◆ **WORK TASK**
An exact reproduction of the listing is wanted, with the pictures dropped.

◆ **INFORMATION SUPPLIED**
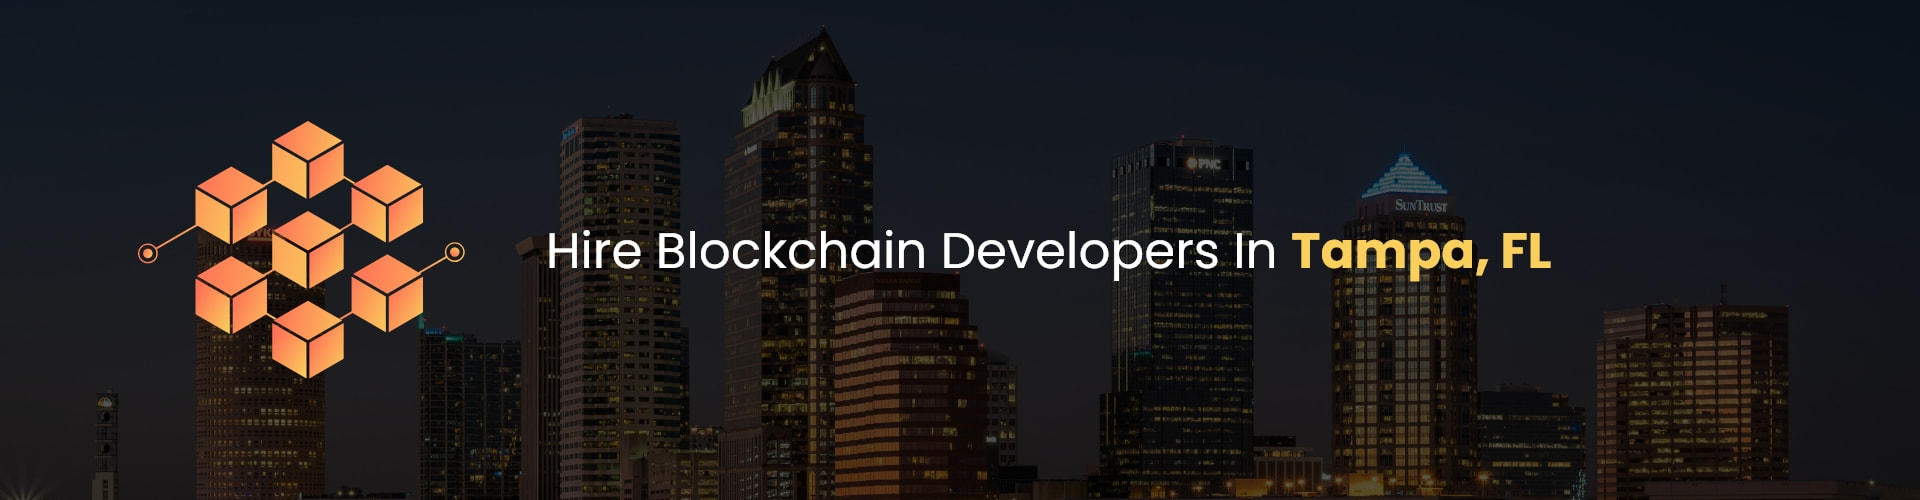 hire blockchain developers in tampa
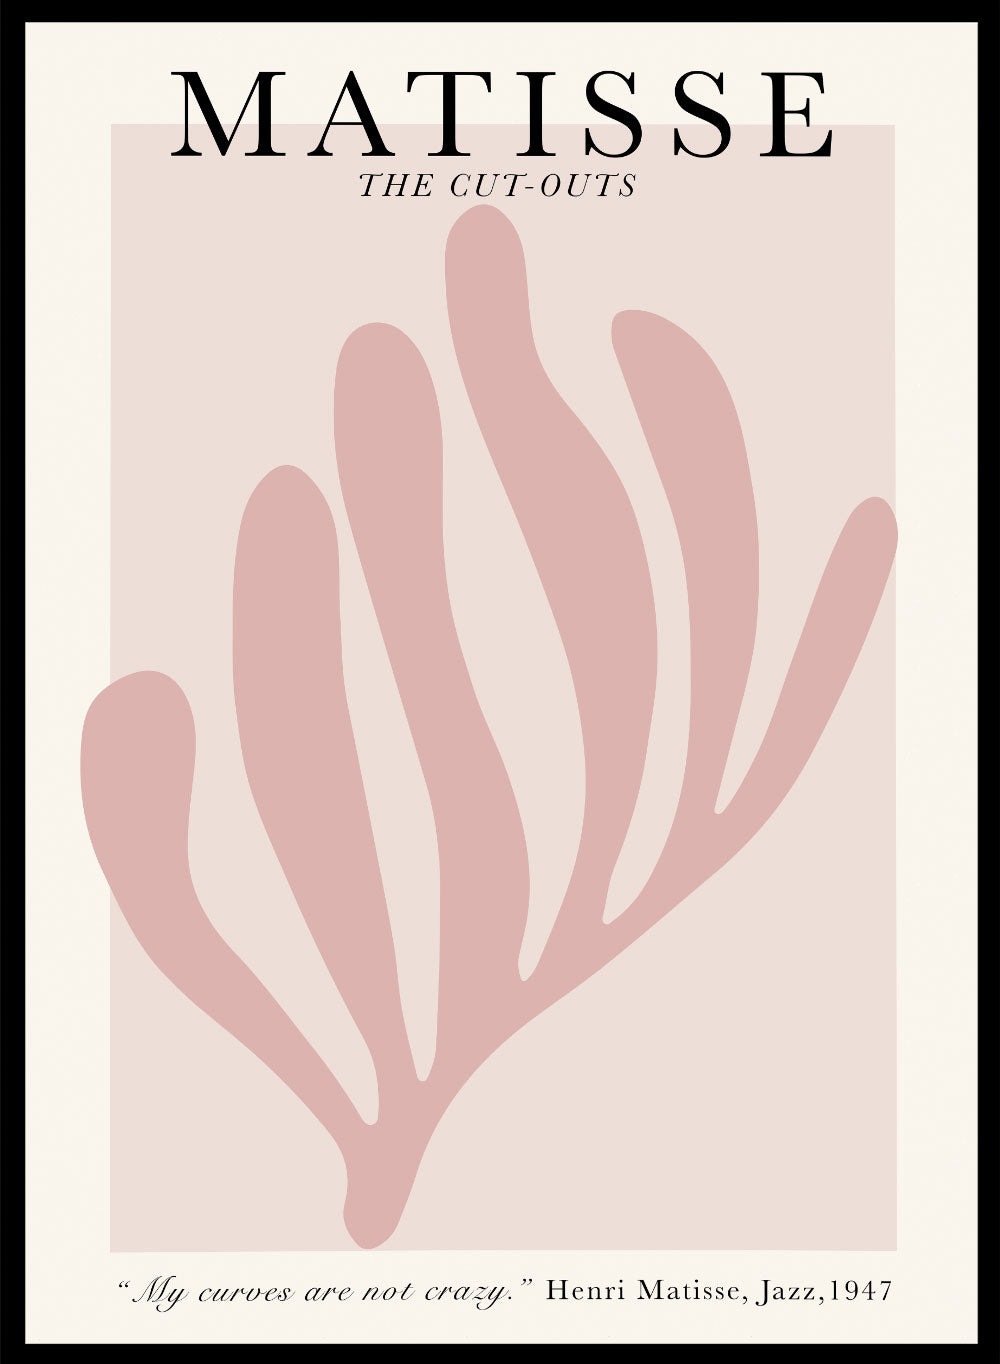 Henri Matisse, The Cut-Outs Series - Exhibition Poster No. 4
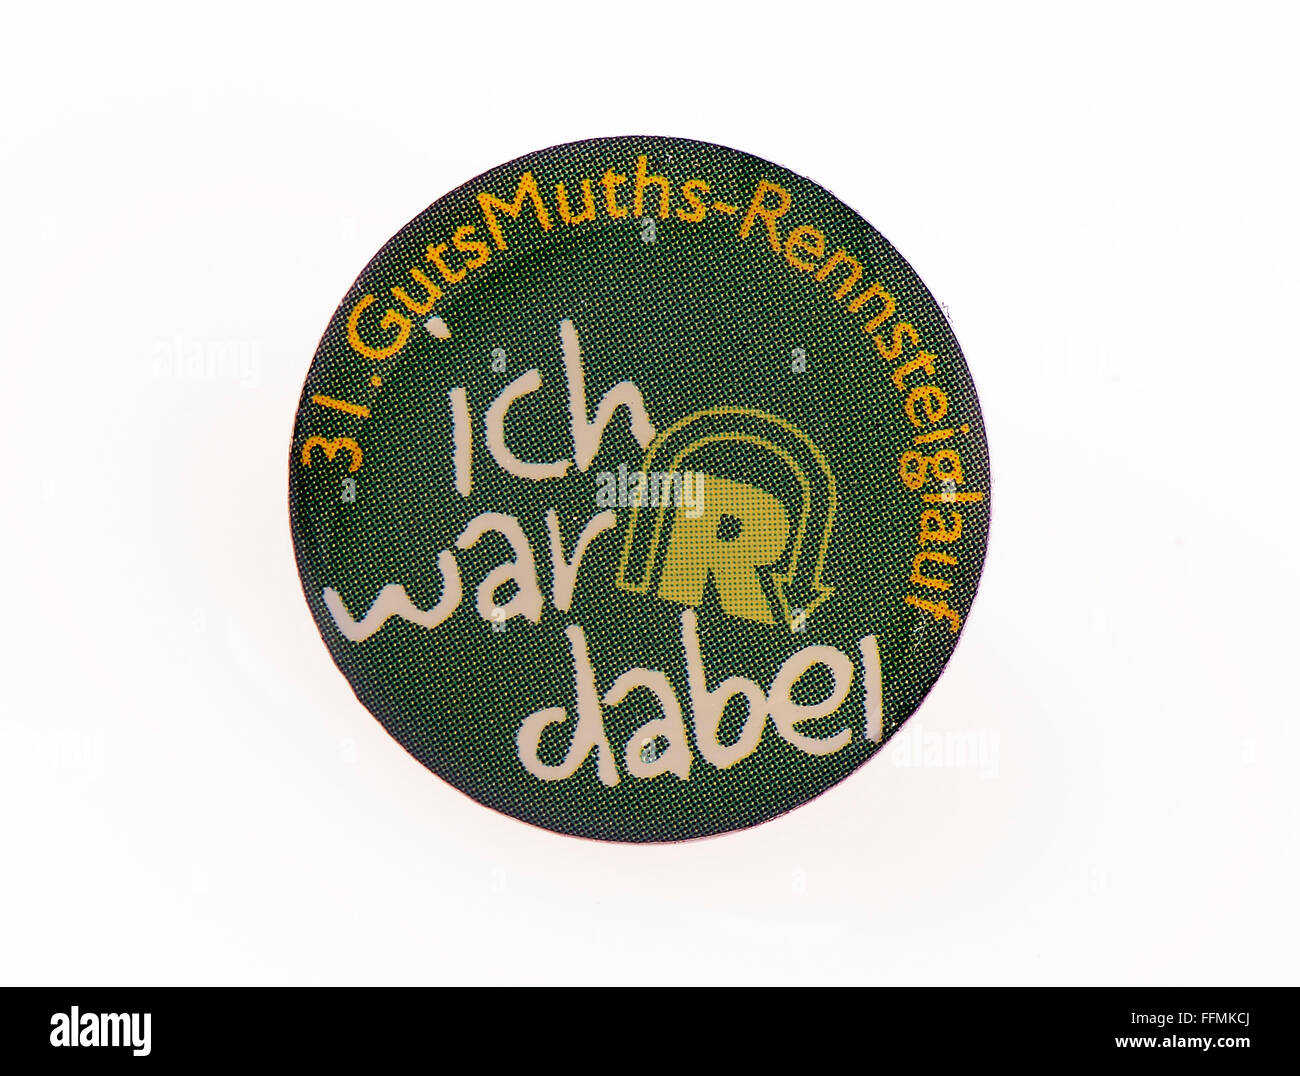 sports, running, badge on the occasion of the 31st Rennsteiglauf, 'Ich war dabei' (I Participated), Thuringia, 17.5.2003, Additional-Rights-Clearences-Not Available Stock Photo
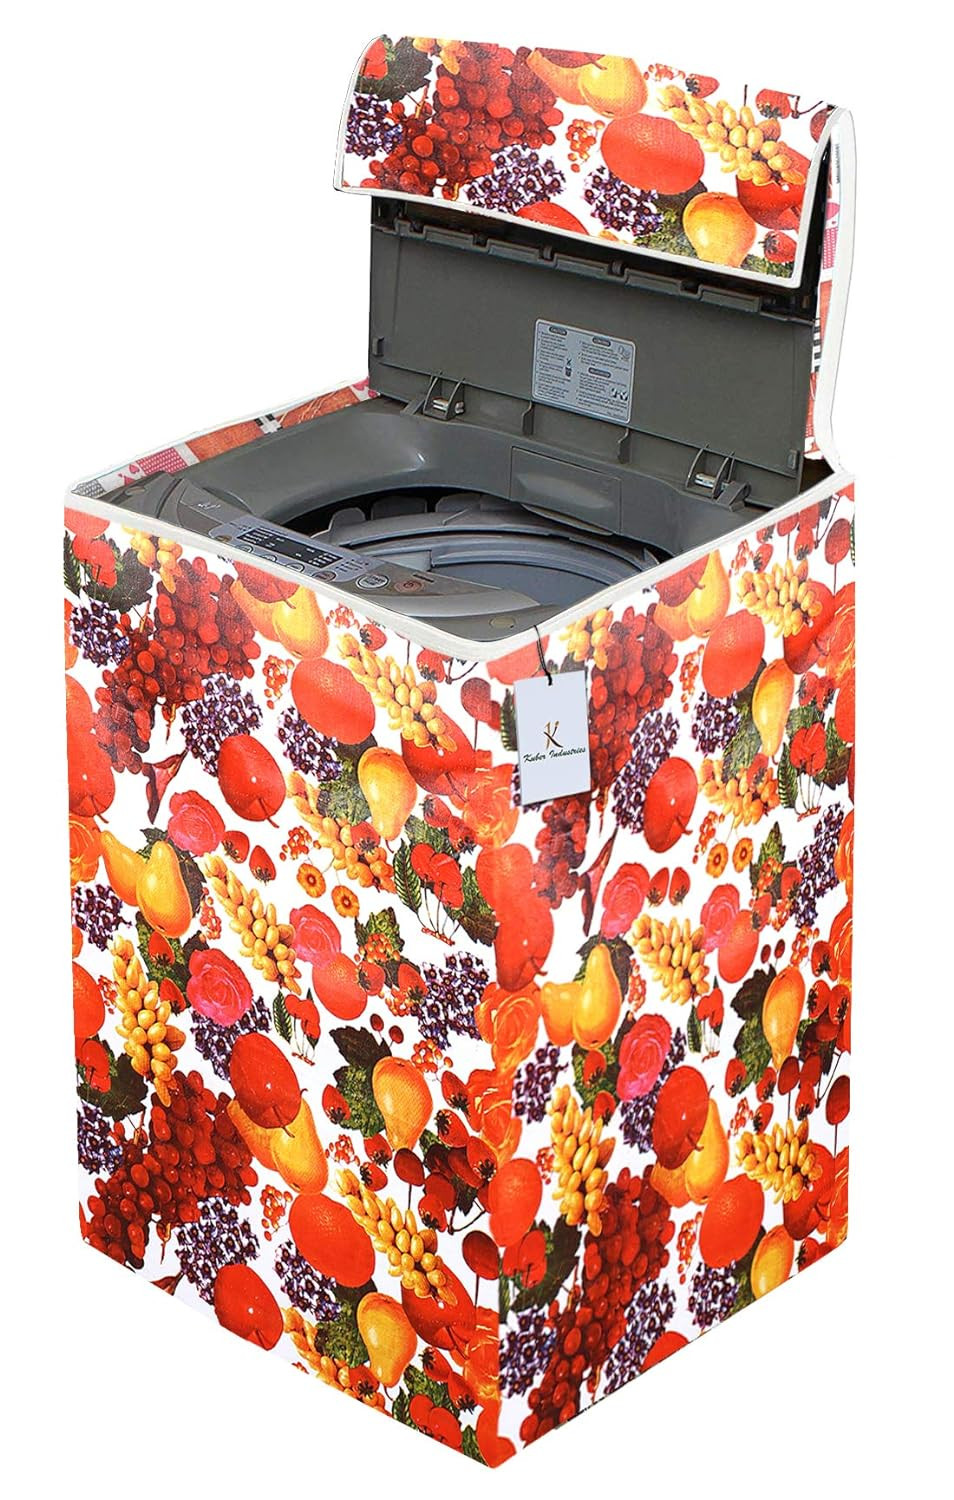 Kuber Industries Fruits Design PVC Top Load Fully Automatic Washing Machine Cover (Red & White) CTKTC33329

◆ **FINISHED EXERCISE**
 hire blockchain developers in tampa
 Henri Matisse, The Cut-Outs Series - Exhibition Poster No. 4
 sports, running, badge on the occasion of the 31st Rennsteiglauf, 'Ich war dabei' (I Participated), Thuringia, 17.5.2003, Additional-Rights-Clearences-Not Available Stock Photo
 Kuber Industries Fruits Design PVC Top Load Fully Automatic Washing Machine Cover (Red & White) CTKTC33329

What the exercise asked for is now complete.